If you enable packet capture on the PAN firewall, please verify, if any packet received or transmitted through PAN.
Also, you can check the real time session in the CLI by using 'show session all filter source IP_ADD_OF_THE_TESTING_PC destination IP_ADD_OF_THE_DESTINATION'.
> If there is a session exist for the same traffic, then please apply CLI command PAN> show session id XYZ >>>>>>>> to get detailed information about that session, i.e NAT rule, security rule, ingress/egress interface etc.
Hope this helps.
If you enable packetcaptures you'll likely see that the edge firewall is receiving a tcp handshake (and is logging an accept action for that)
On your core firewall you are blocking based on application, but that application can only be determined after several packets have passed through that allow the forewall to positively identify ftp. In this case the tcp handshake will need to be allowed through before the first ftp packet is seen, identified and denied. by that time the edge firewall has also seen the handshake and has a session open pending the next packet, which will never arrive as the core firewall blocked it.
If you want a more strikt policy you can add service ports to your security policy which will block traffic before it requires identification. setting a block policy for port 21 will block normal ftp from the very first packet. on the other hand, using only the service port will not block an application if it is running on a different port (hence the power of appID), buit will require some packets (tcp handshake) to be trickled through for the process to function properly
hope this helps
Agree with what tpiens had to say. Also wanted to mention that there are users who try to use application default service in the security policy blocking FTP traffic so that traffic only on tcp port 21 is blocked.
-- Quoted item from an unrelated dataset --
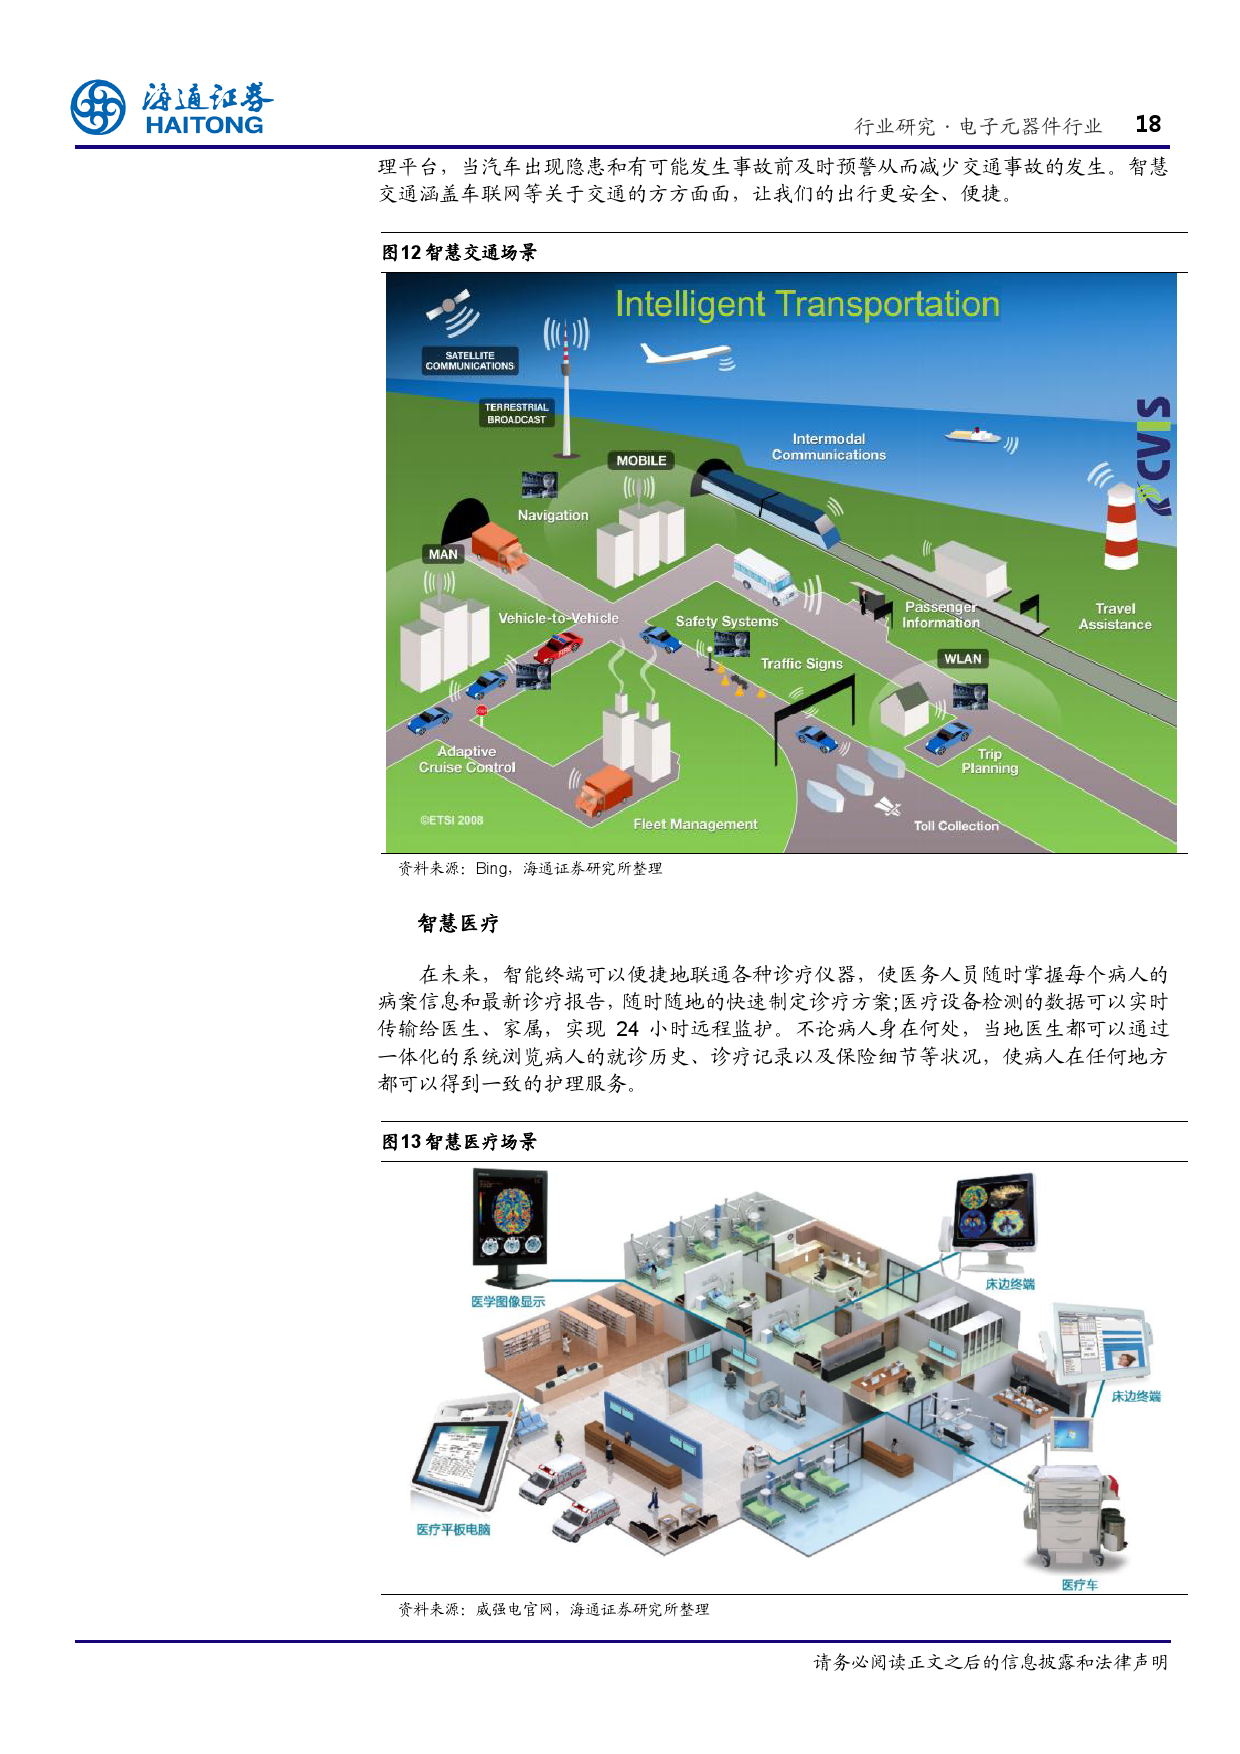 报告全解传感器全球产业链_000018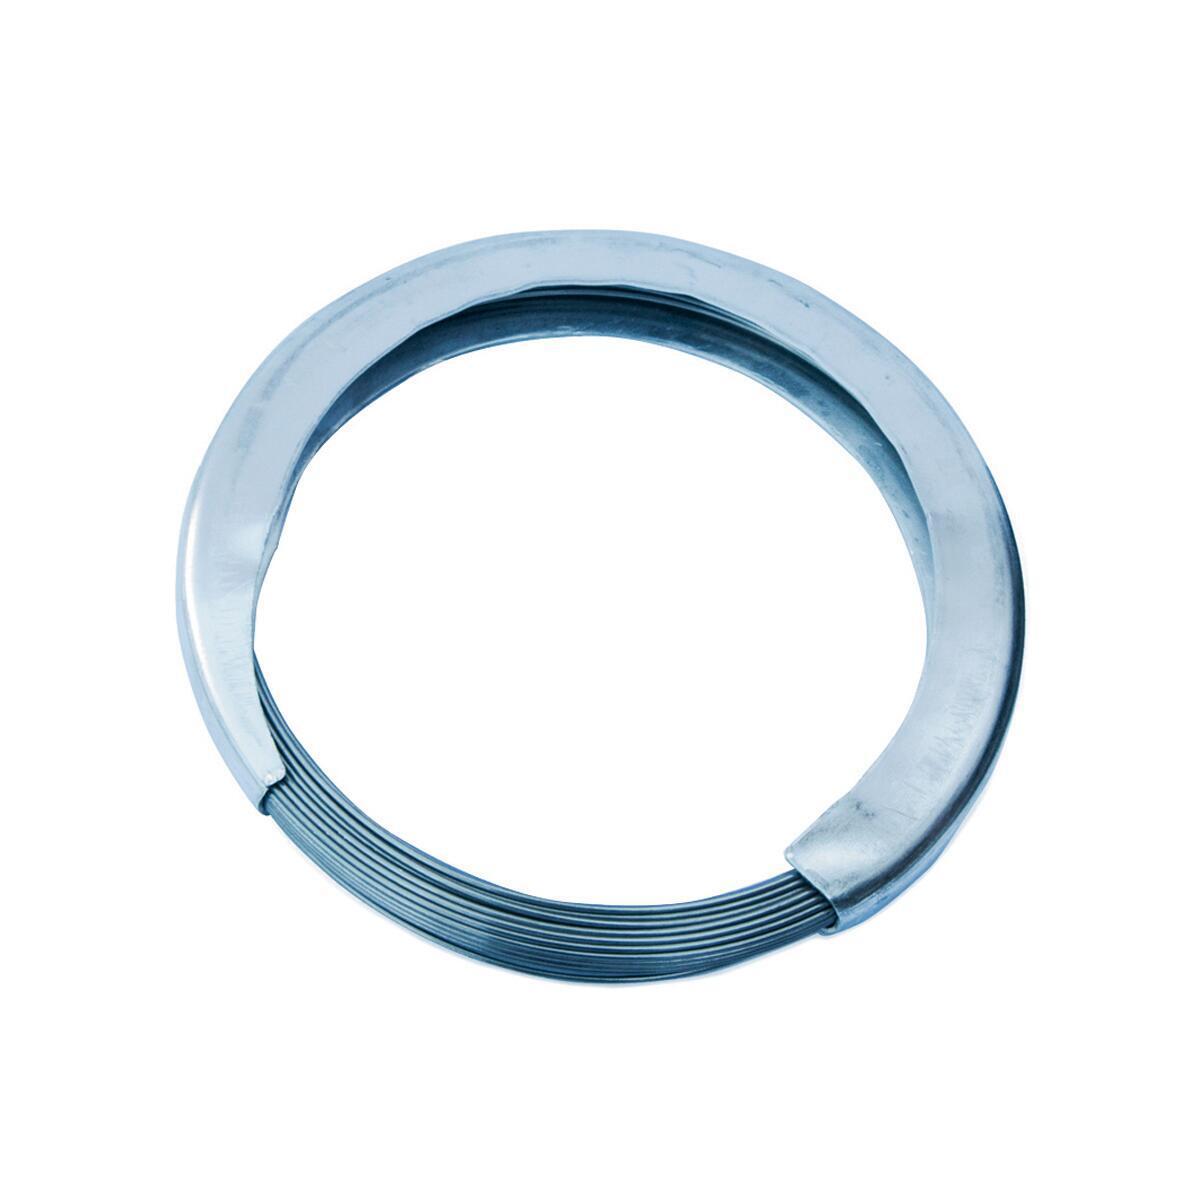 Filo in acciaio Ø 1 mm x L 12 m - 1

But this is not recommended. If you are trying to block FTP traffic, it is better to block on all service ports instead of default ports only.
I was thinking about the same to determine the application palo alto needs several packets to understand the behaviour.
But the same thing is not happening for other tcp traffic like http and https and we have verified this.
Also just in case if there are 2 contexts of firewalls used for 2 different companies then seeing one firewall log on the other is a serious concern.
Support team isn't able to help me in this as well.
Please follow the logs from bottom to top
The host 172.17 is inside the core network and is being denied by the Core firewall.
The same traffic is reaching the Edge firewall and is being allowed according to a rule configured on the Edge firewall basically permitting ftp access outside.
Any help on this?
Are you expecting that the traffic will never reach the Edge firewall because of the deny policy on the Core, and therefore you should not even see a session on the Edge?
Are the Core and Edge firewalls different vsys on the same physical device?
There is 40 second delay between similar traffic logs. If traffic log was generated because of same packet than log should have been generated immediately.